On the death of Madan Narayan with no immediate successor, the sons of the Nazir Mahi Narayan attacked Behar, assisted by the Bhutan army. The Raikats of Baikunthapur, distant relatives of the royal family based in the Jalpaiguri area, sent troops and helped force the Bhutia army to retreat. The Raikats crowned Basudev Narayan (1680–1682), Madan Narayan's brother, as Maharajah and helped establish peace before returning to their home. Two years later, Yajna Narayan and Jagat Narayan (sons of Nazir Mahi) attacked Behar again with Bhutanese troops, captured the palace and massacred the royal family, including Basudev Narayan. The Raikats Yogyadev and Bhujdev intervened again, defeating Yajna Narayan in a battle on the banks of the Mansai river. The Raikats then crowned Mahendra Narayan (1682–1693), a five-year-old grandson of Pran Narayan, as the next Maharajah.

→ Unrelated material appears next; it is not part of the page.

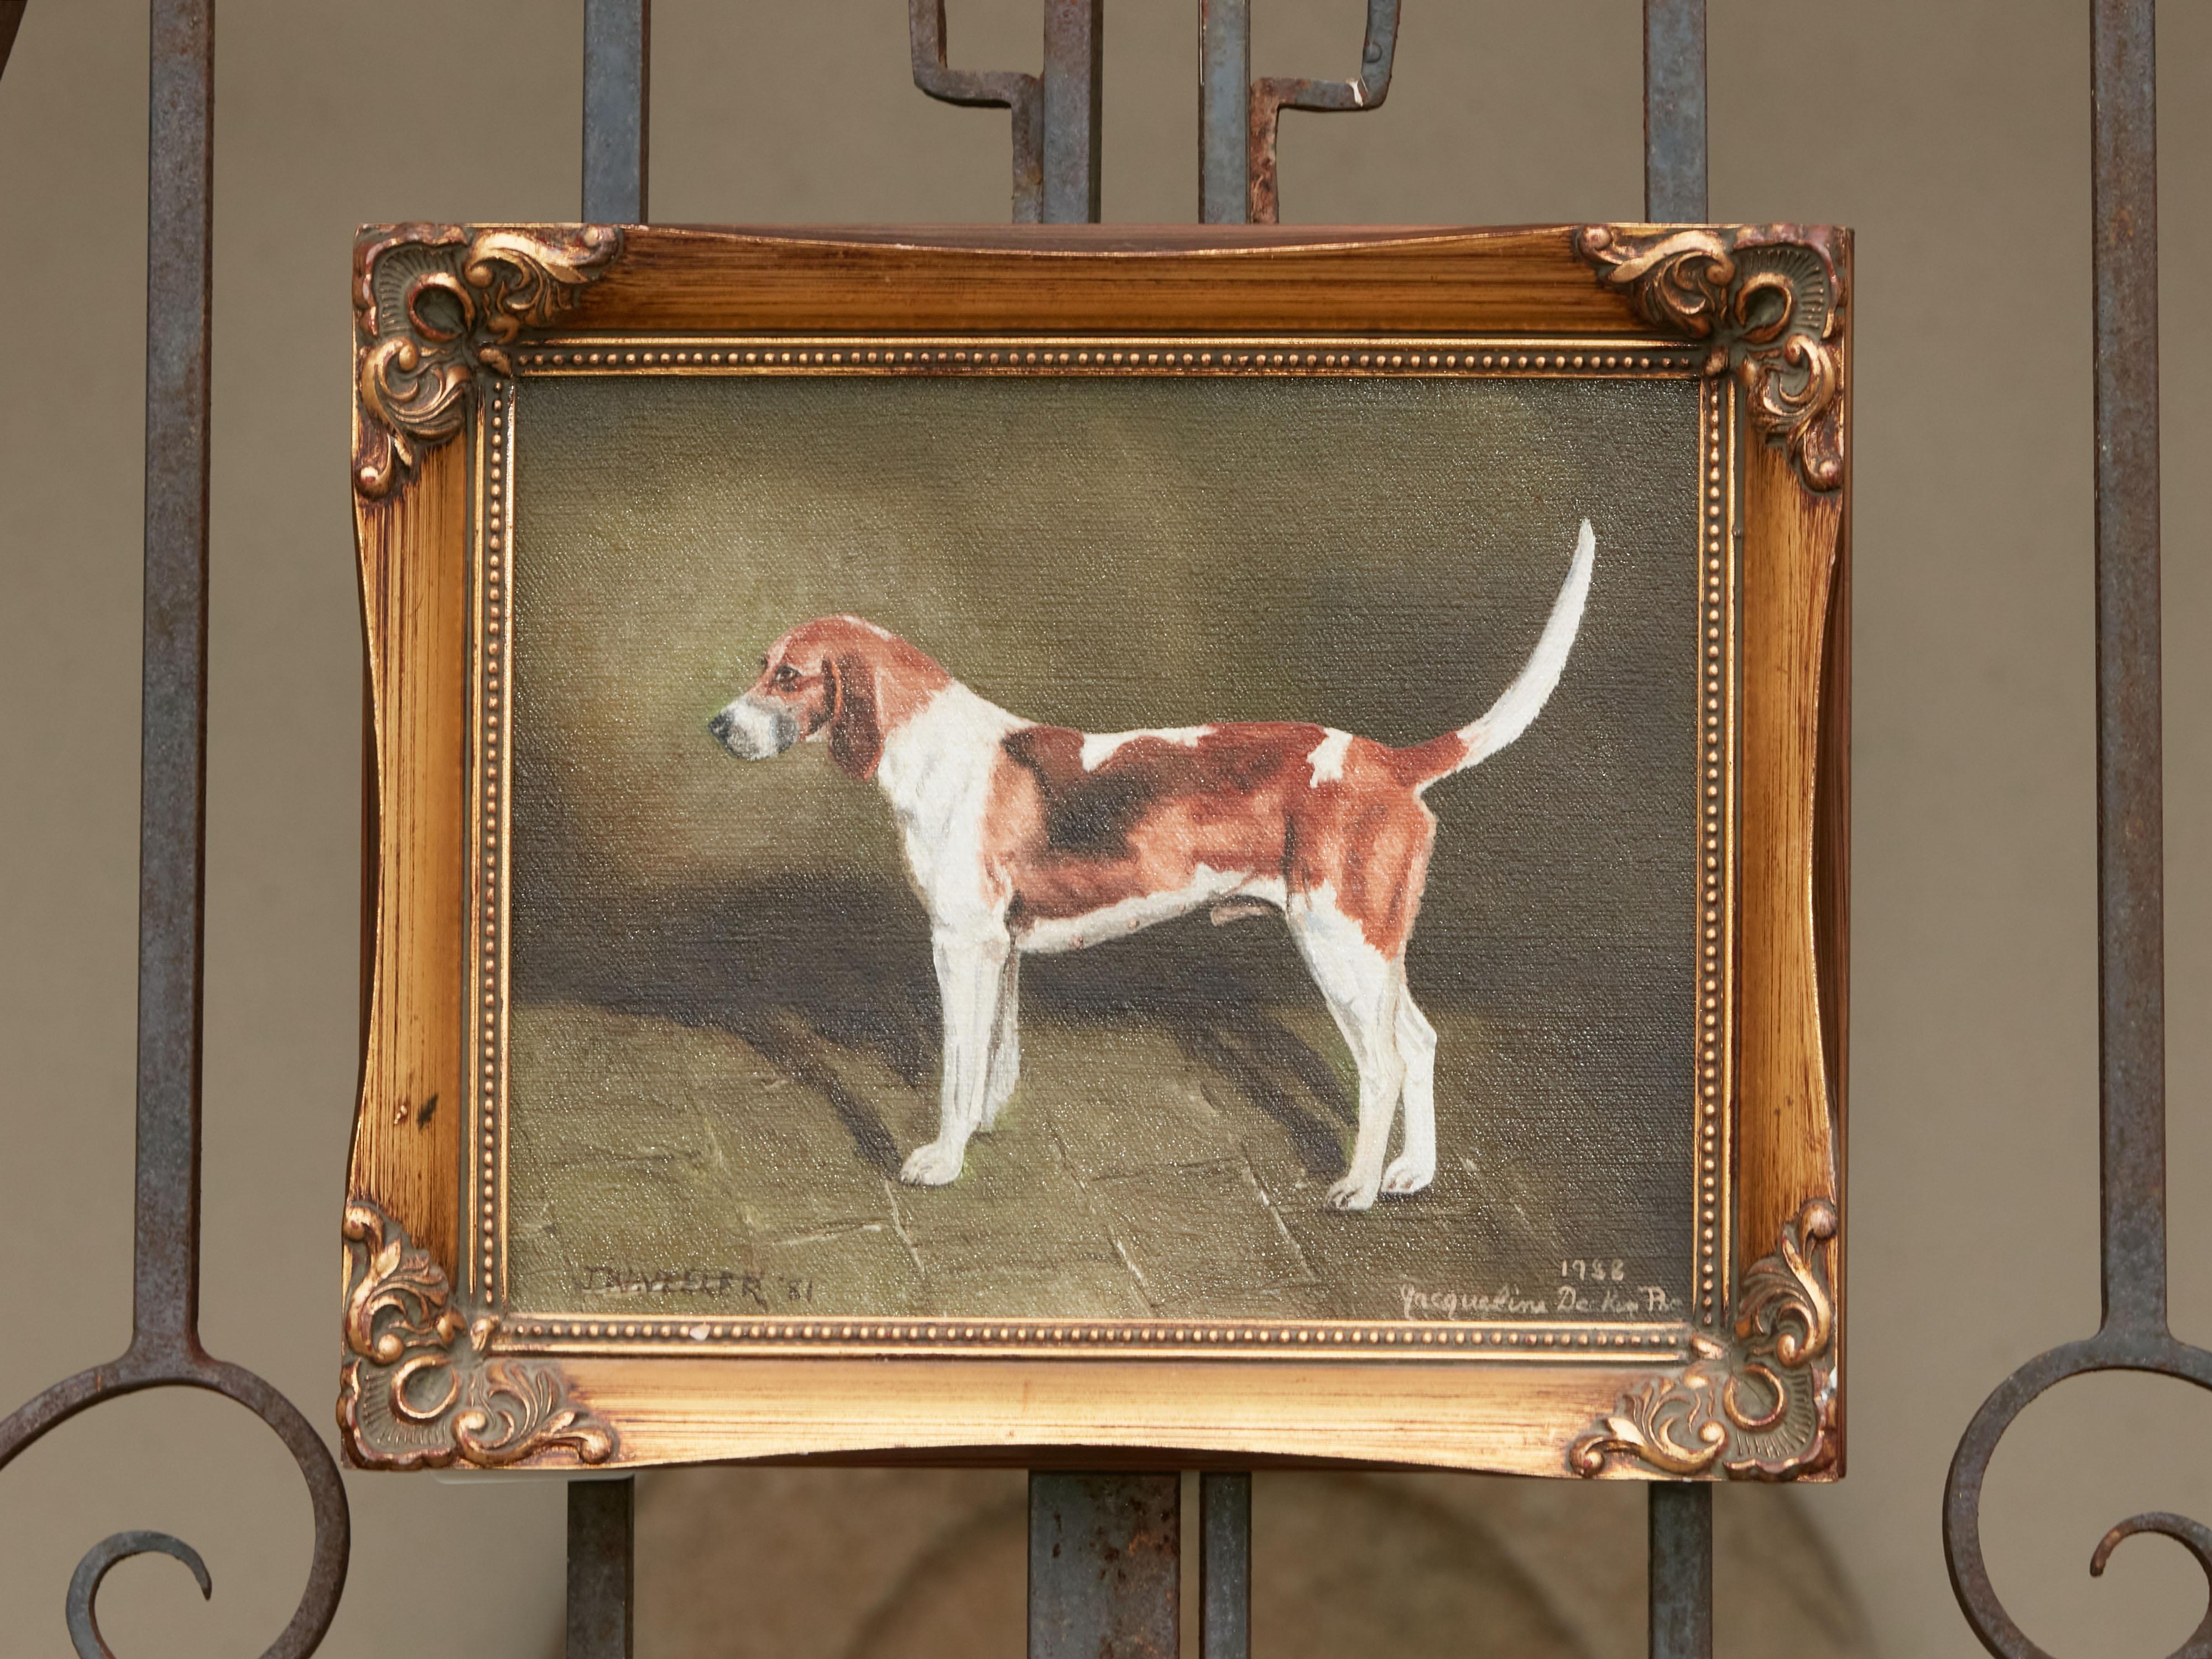 An American oil on canvas dog painting from the late 20th century depicting a Belvoir hound, signed Jacqueline Decker. Created during the last quarter of the 20th century, this rectangular oil on canvas painting boasts an undeniable air of

During the minority rule of Mahendra Narayan, the state was unsettled. The lords of places such as Tepa, Manthana Kakina and Karjirhat rejected Bihari rule in place of direct tribute to the Mughal rulers as zamindars (landlords) of their territories. They accepted the authority of, and paid taxes to, Ibrahim Khan the Mughal Faujdar of Ghoraghat and Dhaka. Even the Raikat princes of Baikunthapur and Pangar transferred loyalty to these powers. The Mughals chose this time to attack Behar. With no other choice, Mahendra made a pact with Yajna Narayan and appointed him as Nazir. Aided by the Bhutanese, Yajna Narayan fought the Mughals at Patgram but was defeated. The Mughals took Boda, Patgram and eastern Pargana in the year 1711 and had gained near full control of North Bengal once again.

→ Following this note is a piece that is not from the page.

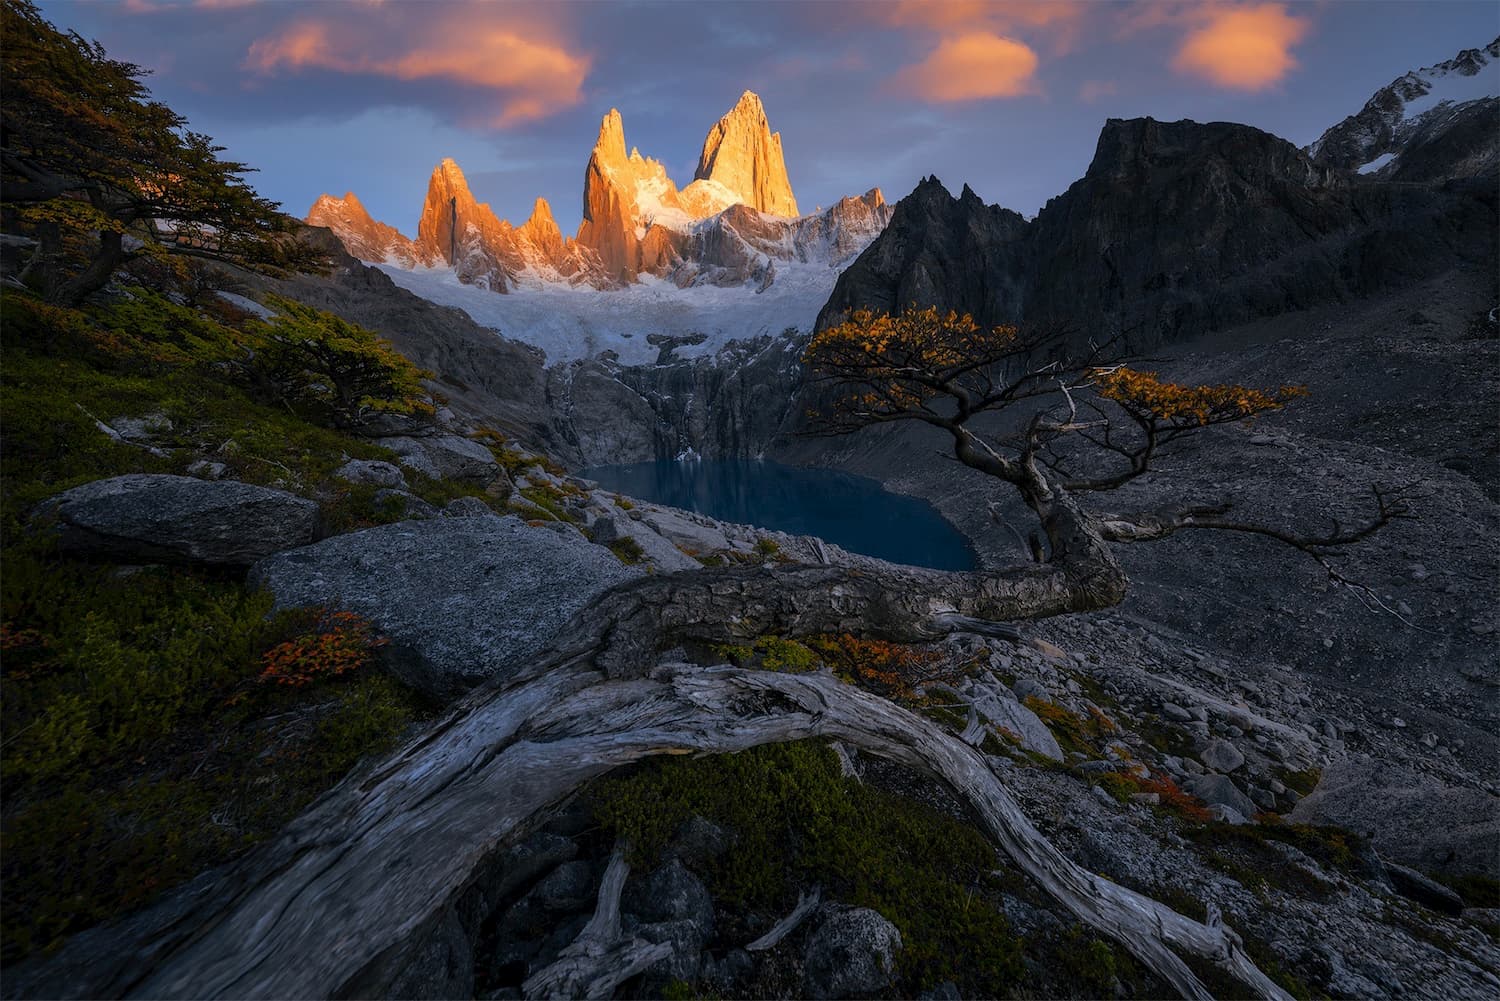 @lucabeniniphotography and torres del paine

Mahendra Narayan died at the age of 16. With the main royal line extinct, Rup Narayan (1693–1714), a grandson of Nazir Mahi Narayan, became the next Maharajah. Rup Narayan was a strong and popular ruler, but made the mistake of attacking the Mughal Faujdar of Rangpur. Defeated, he lost Karjihat, Kakina and Fatehpur Chakla, retaining only Boda, Patgram and eastern Chakla. Soon after, he lost these territories too, and was reduced to holding the three Chaklas under lease to the Mughals in the name of his Najir. He moved his capital from Atharokotha to a new site, Guriahati on the east bank of the Torsa River, where he built a temple of Sri Madan Mohan Thakur.

Upendra Narayan (1714–1763), the next ruler, had no son of his own. He adopted Deena Narayan, the son of dewan Satya Narayan, and gave him considerable powers, but did not formally grant him the succession to the throne. Deena Narayan met the Mughal Faujdar Md. Ali Khan at Rangpur and agreed to accept Mughal supremacy in return for Md. Ali Khan's support in gaining the throne. Md. Ali Khan invaded, but was forced back by a combined army from Behar and Bhutan and had to flee to Rangpur.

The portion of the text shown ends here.